Viewing 3 replies - 1 through 3 (of 3 total)
  • Moderator bcworkz


    It would be useful to see what message comes back from your site when it receives a pingback request. We can simulate a pingback request sent to your site by using cUrl to send a small file with the necessary data. If your computer does not have curl command available from the command prompt or terminal window, you can install it. It’s native to ‘nix machines and recent Win 10 machines.

    To build the data file, create an empty text file named pingback.xml. It’s easiest if it is placed in the folder from where you run the curl command so you don’t need to fuss with paths.

    Place this content in the file:

    <?xml version="1.0" encoding="iso-8859-1"?>
       <!-- source -->
       <!-- target -->

    Edit the URLs to reflect true links to posts. The source cannot be your site and the linked post must contain a link to your site’s post. The target must be the post linked to in the source post. Save the edited file.

    Run this command:
    curl -X POST -d @pingback.xml
    except use the correct URL for your site.

    Your site should respond with an XML error message. All we’re interested in is the values after “faultCode” and “faultString”.

    Thread Starter naithin


    Thanks for your response bcworks!

    I don’t know whether the Siteground crew fixed something silently in the background after all, or whether somehow my theme *was* blocking them, but I successfully received a pingback yesterday after changing my theme. (Was Genesis Framework + Magazine Pro, now OceanWP)

    I still struggle to see how it might’ve been the theme, as the pingback ‘comment’ itself was not being generated fullstop, it wasn’t just a display issue.

    Even so, out of curiosity about whether I might be able to use this script to ‘repair’ some of the missed pingbacks in the past, I took it for a spin.

    No error codes were generated, but neither was the pingback. Should I expect it to? The target post still has comments open, the source post is definitely doing a direct link to the post rather than via reader, short link or anything else.

    Although possibly I’m making an assumption I shouldn’t — FaultCode is returning 0 as an integer. I assume that means no error, but that might be wrong. FaultString is returning an empty string.

    Moderator bcworkz


    FaultCode 0 is still an error. It’s akin to functions returning false on failure. If the pingback were successful, you would not get FaultCode or FaultString messages, you get “Pingback from {$source} to {$target} registered. Keep the web talking! :-)”. Fault code 0 and empty fault string means the request was rejected due to other problems beyond what WP screens for, such as if a link to the target post really exists at the source post.

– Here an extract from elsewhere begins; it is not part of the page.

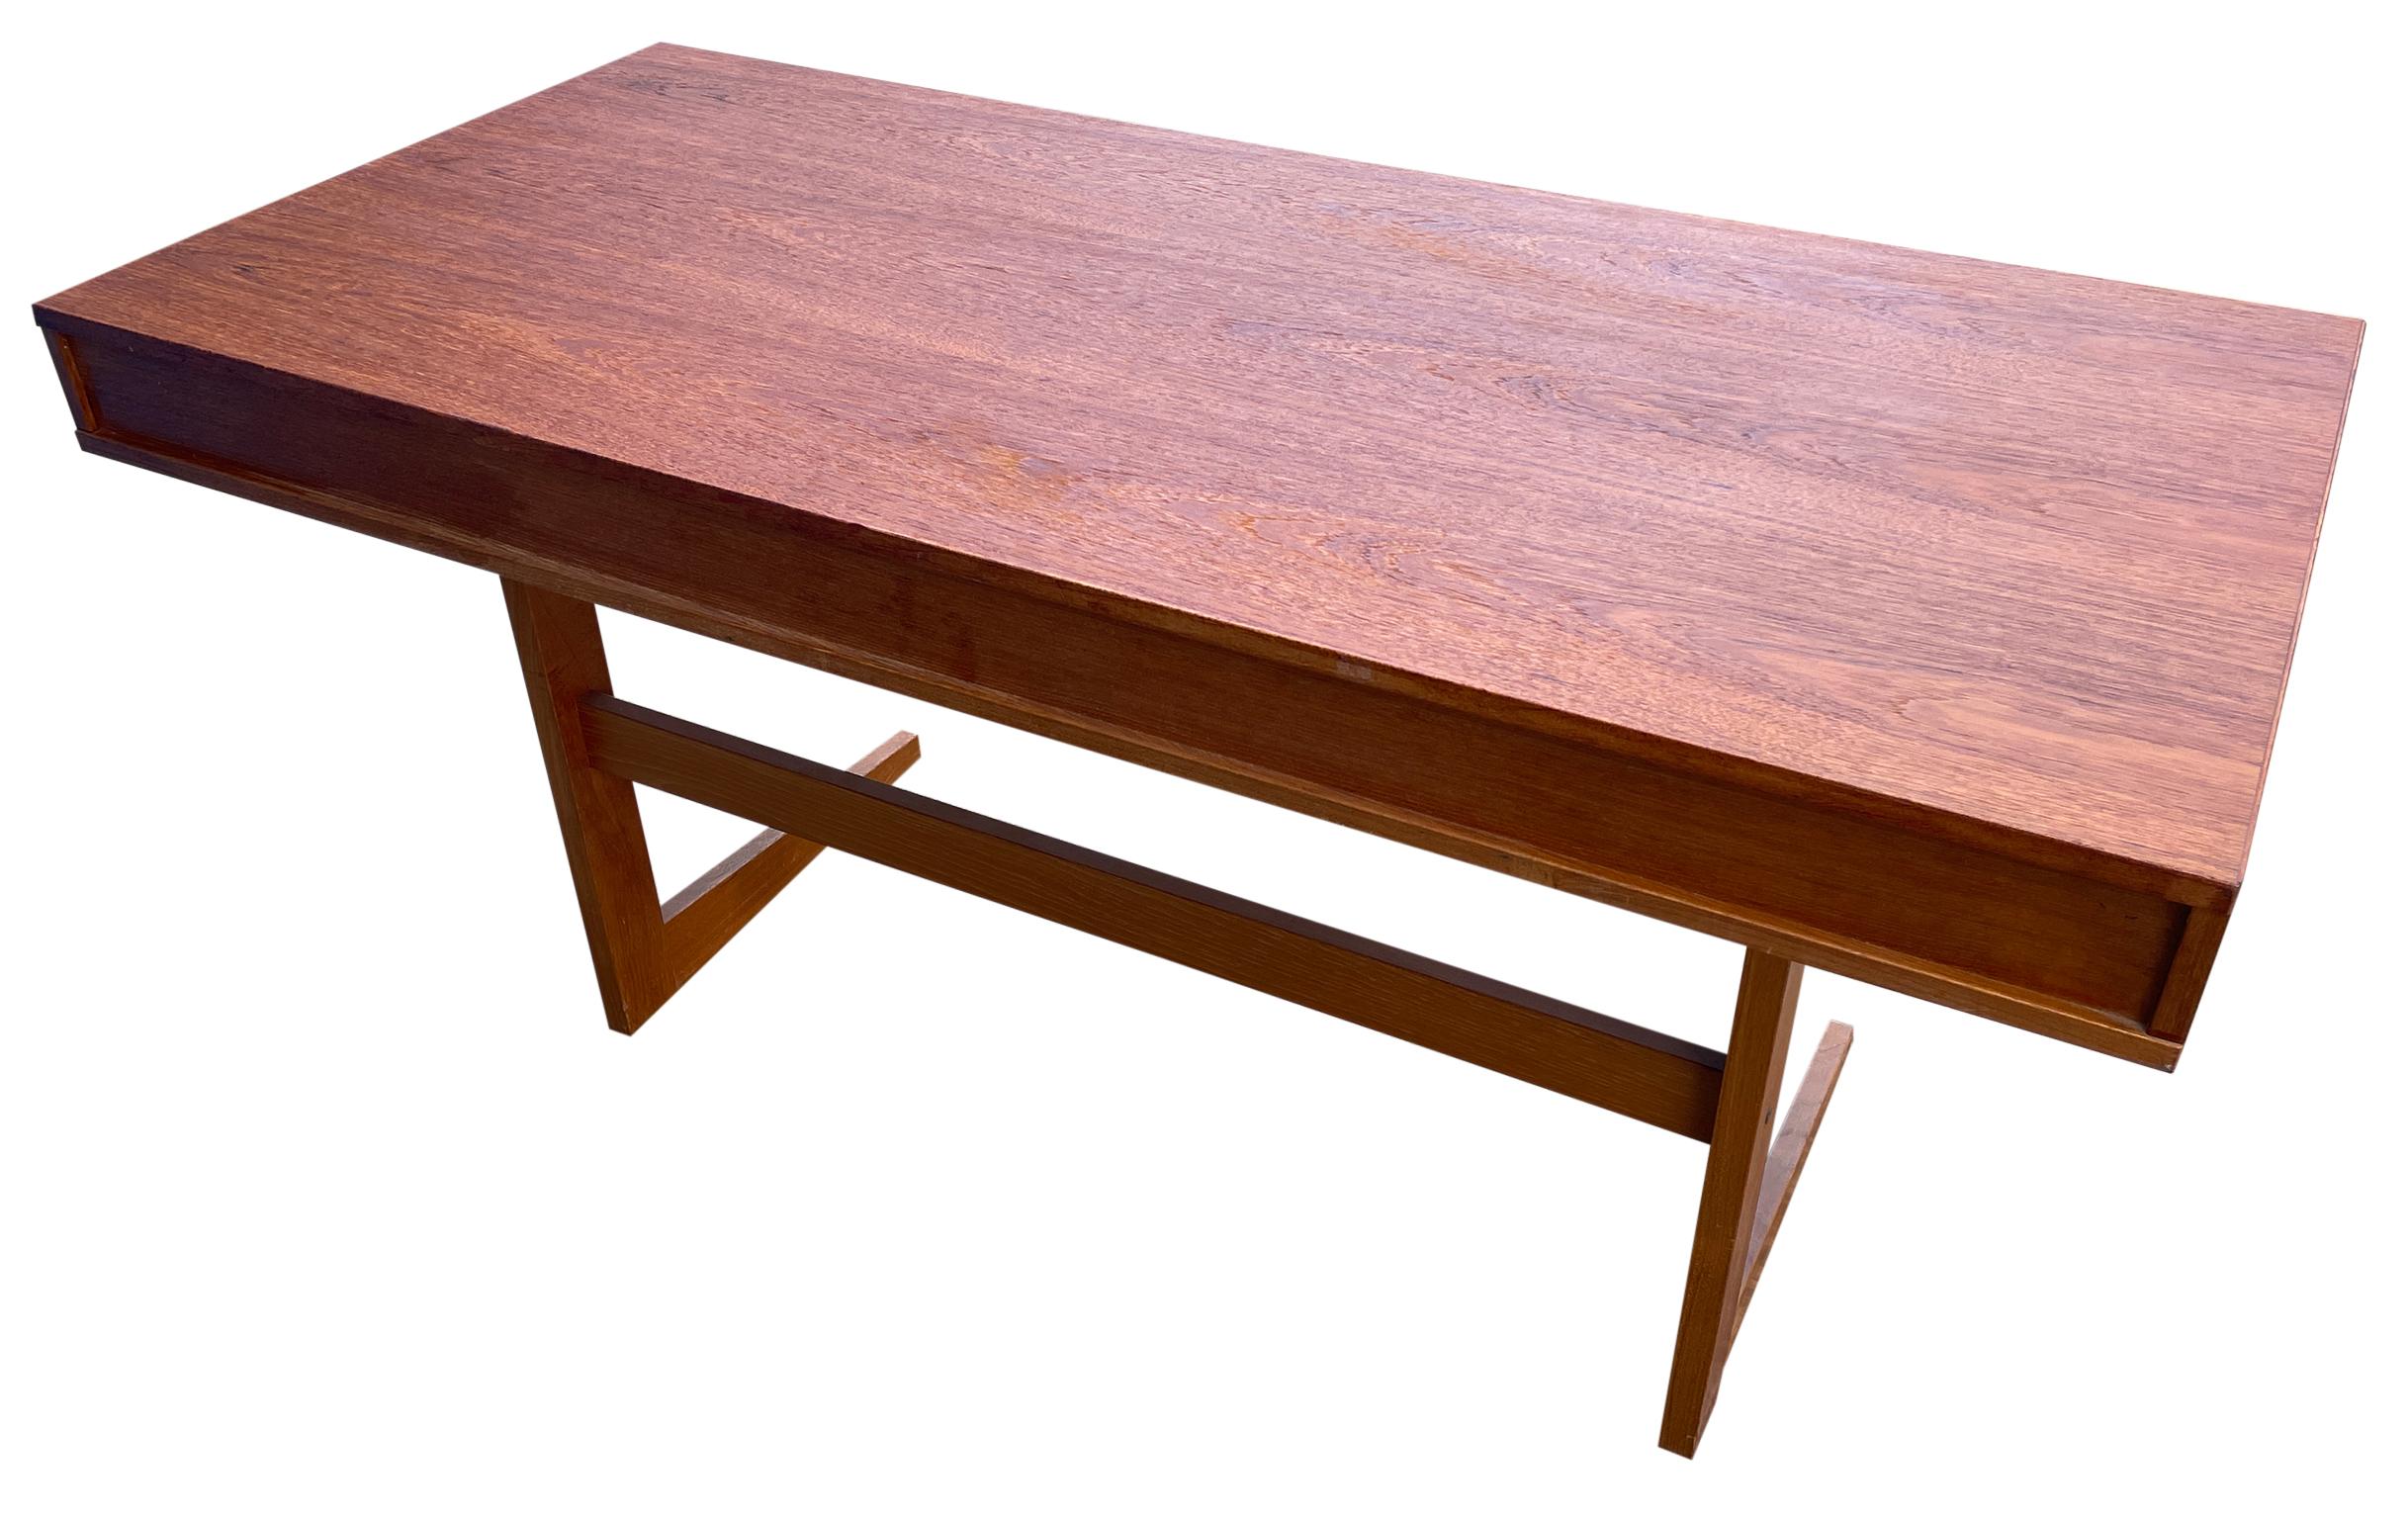 Midcentury Danish Modern teak Desk by Georg Petersens 3 drawer 3

    I did see the same 0 fault empty string response when I was testing pingbacks a while back. Turns out the target site had .htaccess security rules preventing external access to xmlrpc.php, so WP never got a chance to provide a fault code or string. Since WP tries to tell us what went wrong, I suspect the lack of information means the fault is due to something external to WP. .htaccess can be one source, but other security measures could be the cause as well.

    Incidentally, you cannot test this on localhost sites, even if the two sites can otherwise talk to each other through different virtual hosts. WP sees that the hosts resolve to a local IP and rejects the transaction.

    Themes shouldn’t impact pingbacks, but since they can hook into core code, they could pretty much impact anything if the author felt so inclined.

    That’s curious that you did get a pingback from elsewhere but sending that XML fails. I have used it to successfully add pingback comments, it does work. It’s harder to say why it would fail, especially when there is no fault message.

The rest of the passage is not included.